- **Instructions for the task**
Beginning with the line where "MPB's Mysteries of" appears, restate each line word for word until the data ends. Pictures do not go in.

- **Collected material**

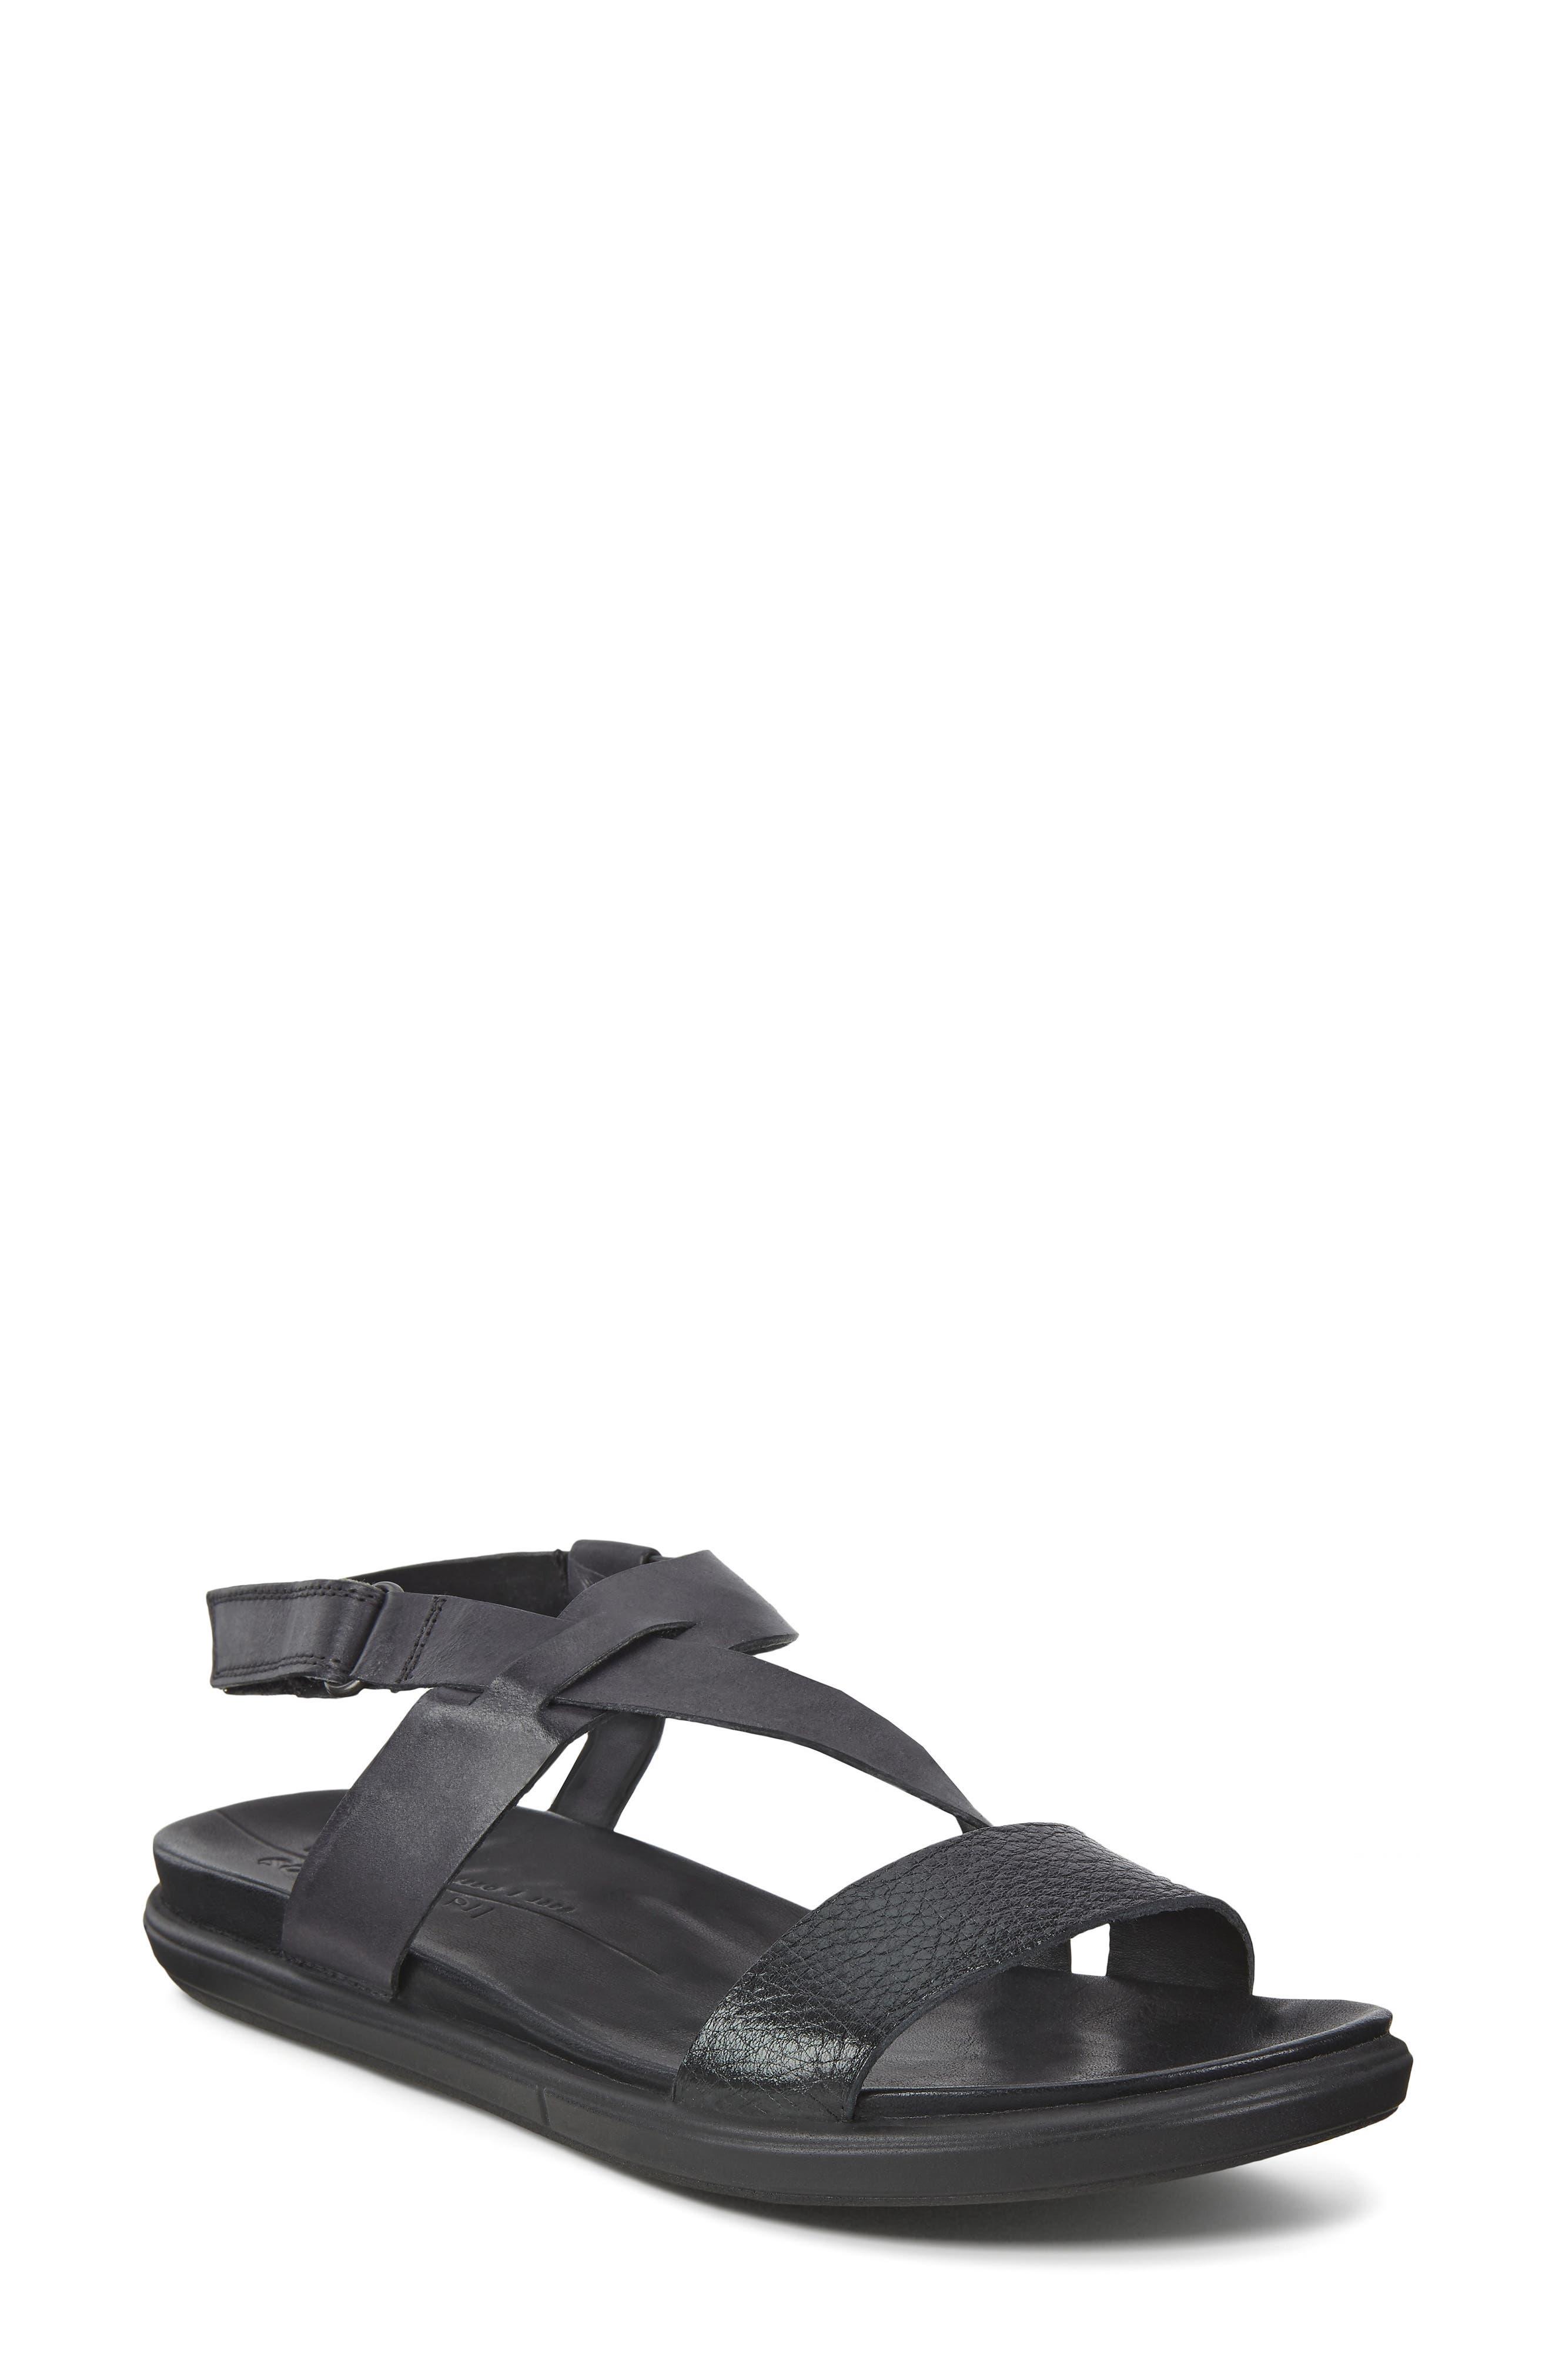 ECCO Women's Ecco Simpil Strappy Sandal, Size 5-5.5US - Black
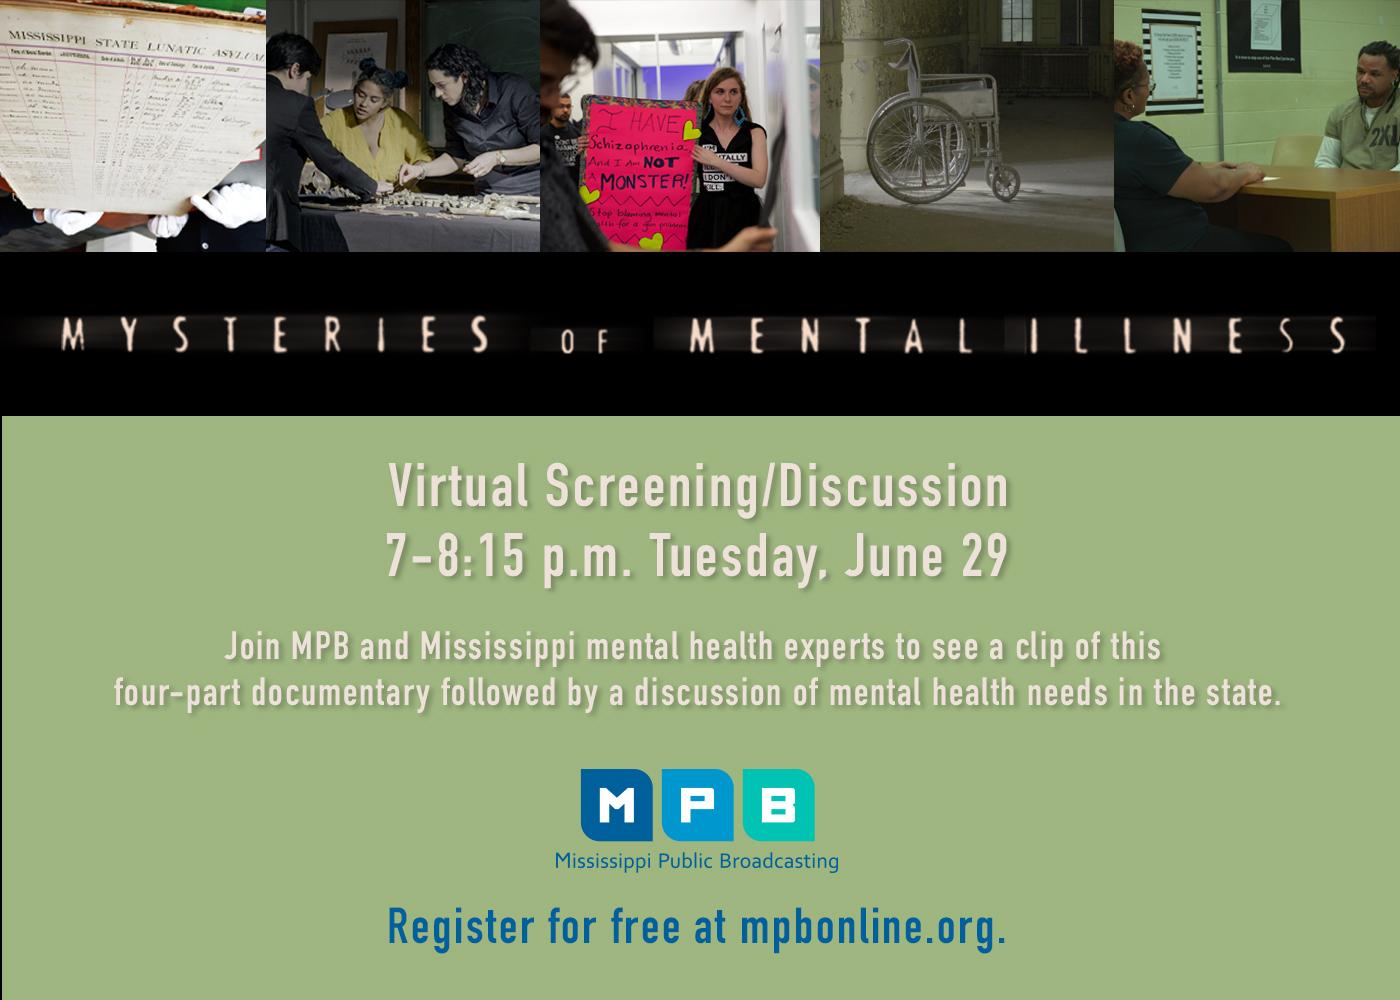 MPB's Mysteries of Mental Illness event flyer
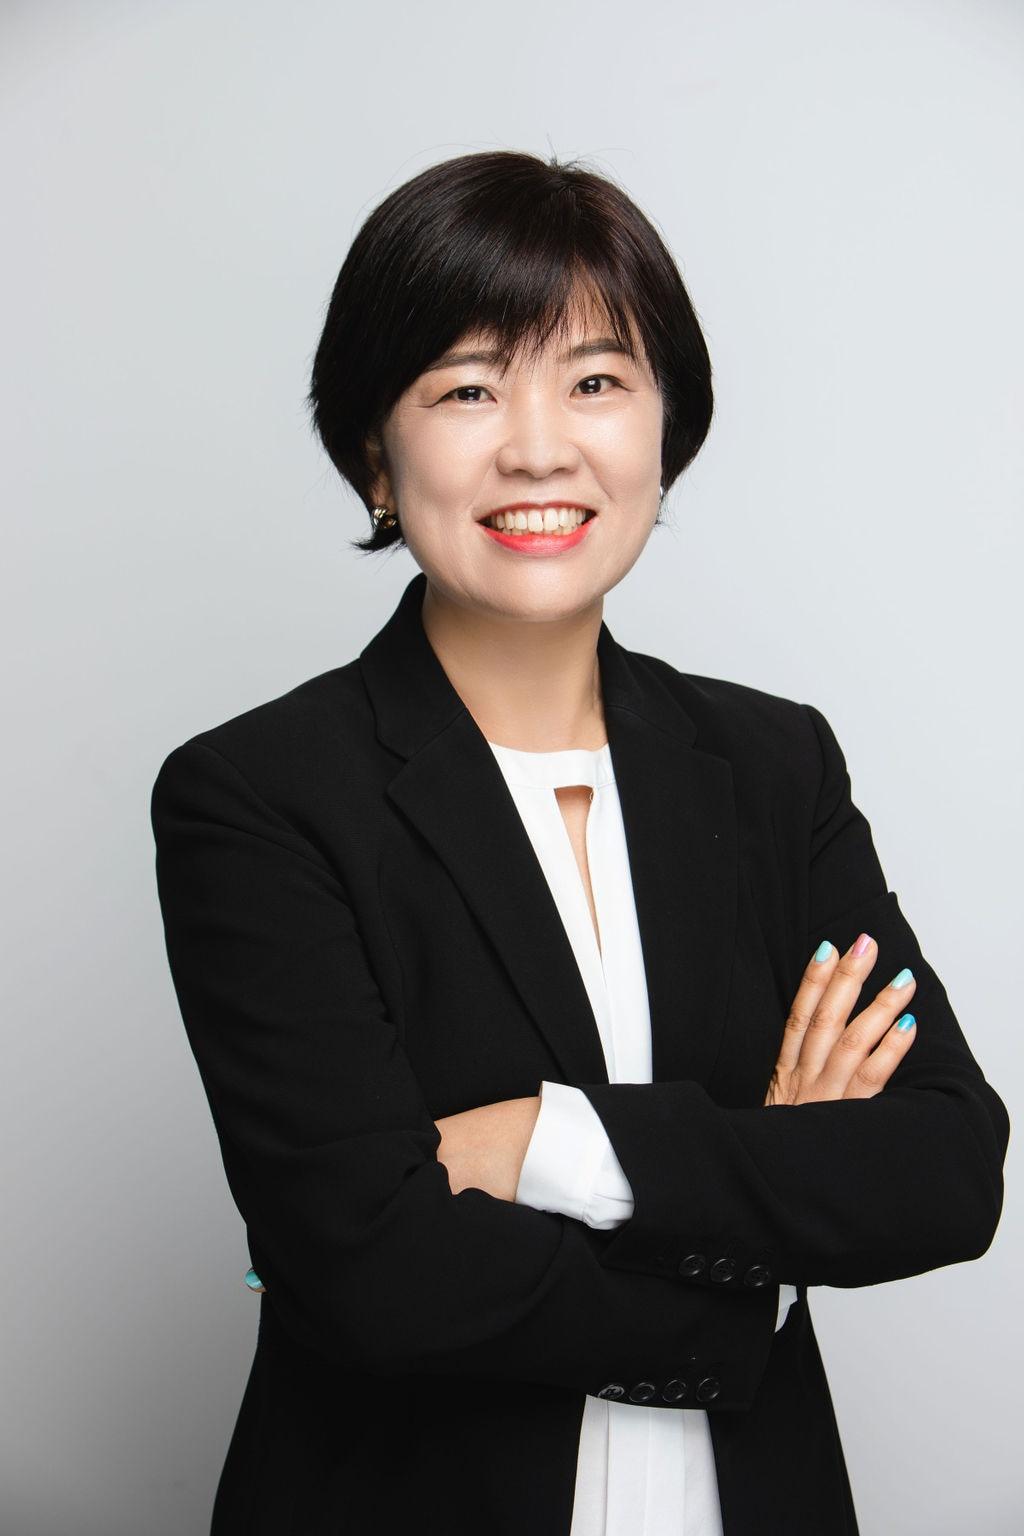 YEONG KIM Financial Professional & Insurance Agent
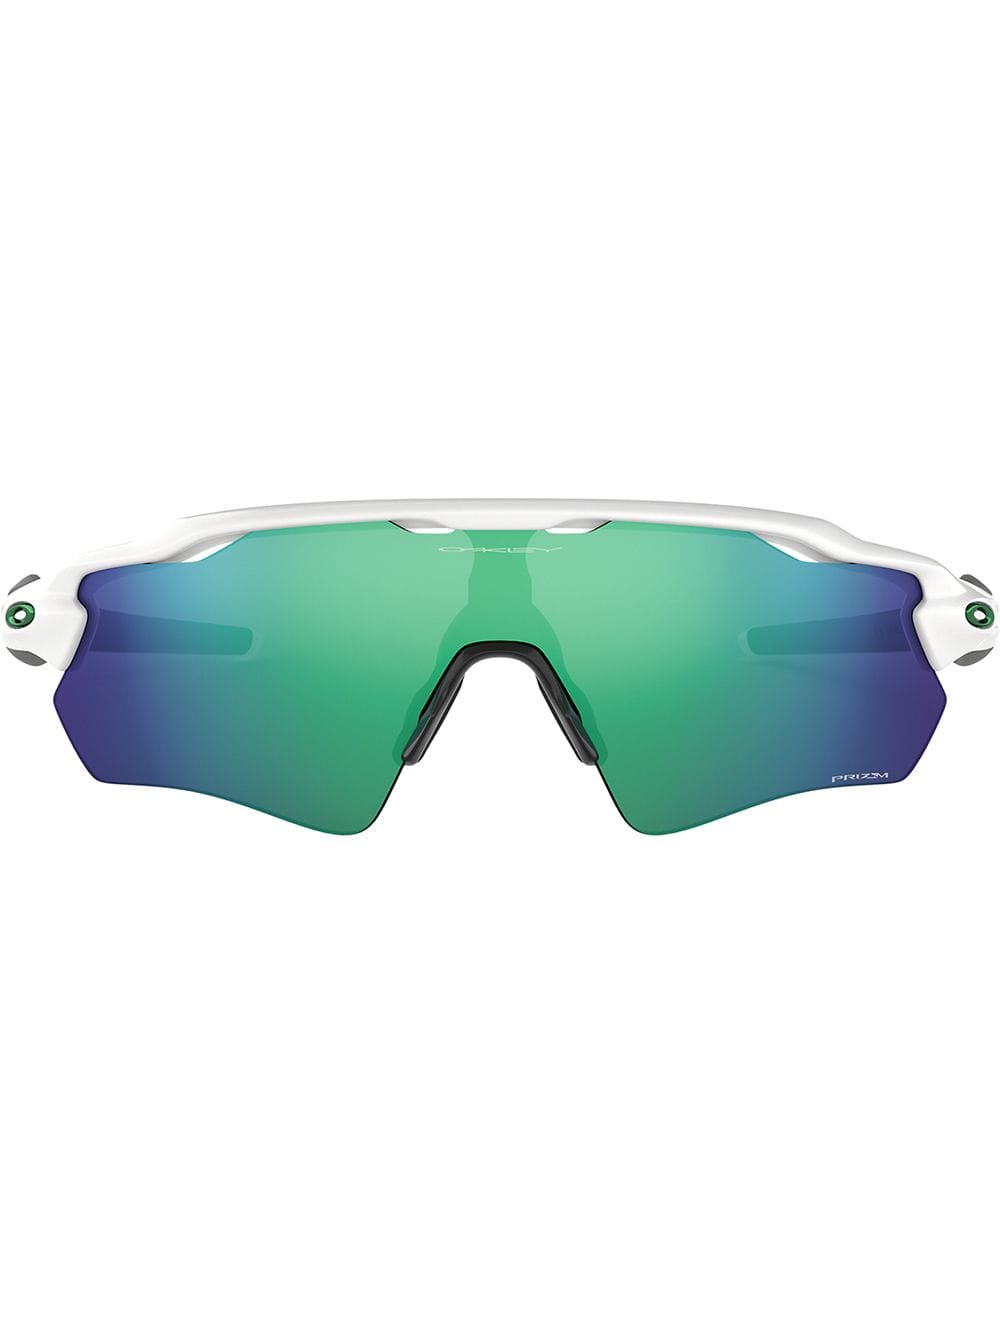 Oakley Radar Ev Path Team Colors Sunglasses In White Modesens In 2020 Oakley Radar Ev Aviator Sunglasses Oakley

- **Written answer**
 MPB's Mysteries of Mental Illness event flyer
 YEONG KIM Financial Professional & Insurance Agent
 Oakley Radar Ev Path Team Colors Sunglasses In White Modesens In 2020 Oakley Radar Ev Aviator Sunglasses Oakley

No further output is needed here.